Roger Brown (Aksel Hennie) , bir şirkette insan kaynakları uzmanı olarak çalışan 1.68 boyunda bir adamdır. Kendince boy dezavantajını (ki filmin Norveç'te geçtiğini düşünecek olursak, oldukça büyük bir dezavantaj) avantaja çevirmek için zengin olmayı kafasına koymuş ve bunun için de bir güvenlik şirketinde çalışıp ona yardım eden arkadaşı sayesinde pahalı sanat eserlerini evlerden çalarak, kara borsada satmaktadır. Karısı Diana'ya pahalı hediyeler alarak, güzel bir evde yaşatarak mutluluklarını korumaya çalışmaktadır.
Her şey yolunda gidiyorken Diana'nın sergi açılışına gelen Clas Greve'le (Game of Thrones'da Jamie Lannister'ı oynayan Nikolaj Coster-Waldau canlandırıyor) tanışmasını, sanat eseri hırsızlığı için çok büyük bir fırsat olarak gören Roger, işin içine girdikçe aslında işlerin düşündüğünden çok daha farklı olduğunu anlar ve kendini büyük bir karmaşanın içinde bulur. Tabi biz seyirciler de aynı karmaşadan nasibimizi alırız.

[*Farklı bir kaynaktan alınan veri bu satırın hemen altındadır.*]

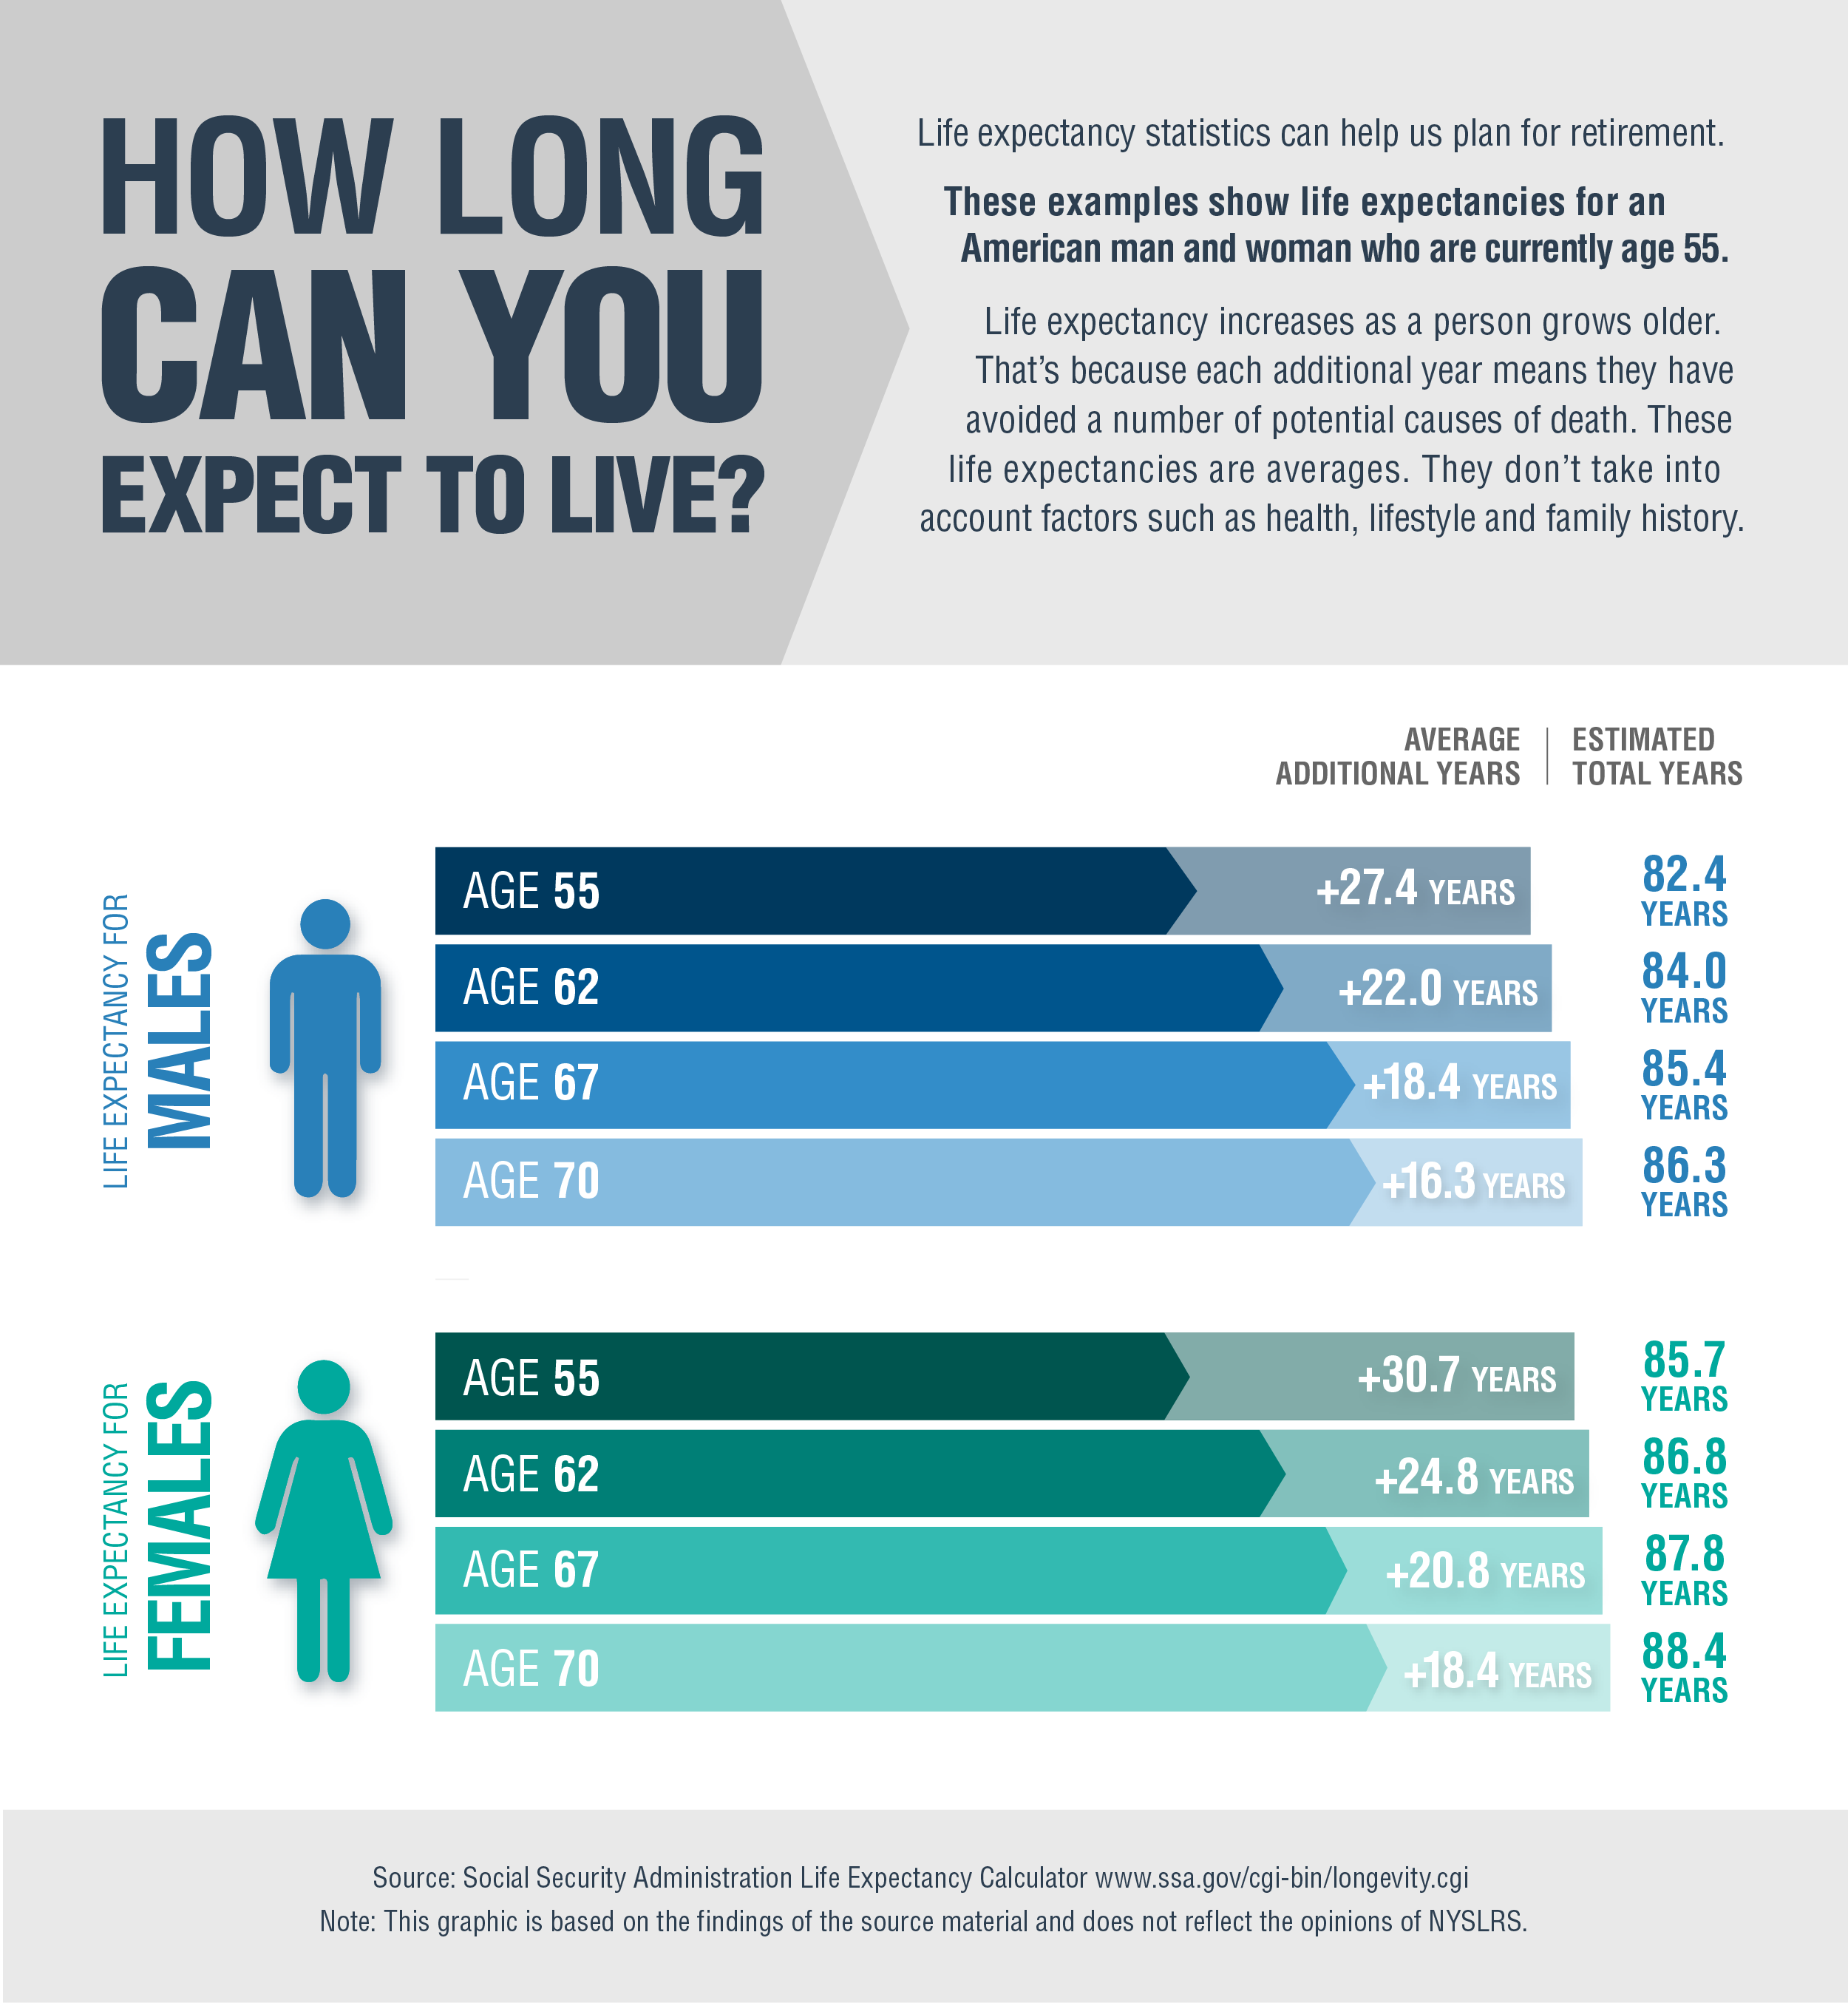 life expectancy statistics to help plan for a long retirement

Filmin merak uyandıran açılış sahnesinden sanat eseri hırsızlığıyla ilgili bir film izleyeceğimi sanan ben, filmi yüz dakikalık süresi boyunca soluksuz izledim ve film değişik yönlere doğru gittikçe, şimdi ne olacak acaba sorusunu kendime sormadan edemedim. Filmin senaryosu bana göre o kadar ustalıkla yazılmış ki, sona gelinceye kadar hangi karakterin doğru, hangisinin yalan söylediğini; ya da hangi karakterin konuda ne gibi bir işlevi olduğunu tam anlamıyla çözemiyorsunuz. Bu bakımdan da önceden her şeyini tahmin ettiğimiz filmlerin bir adım önüne geçiyor bu film.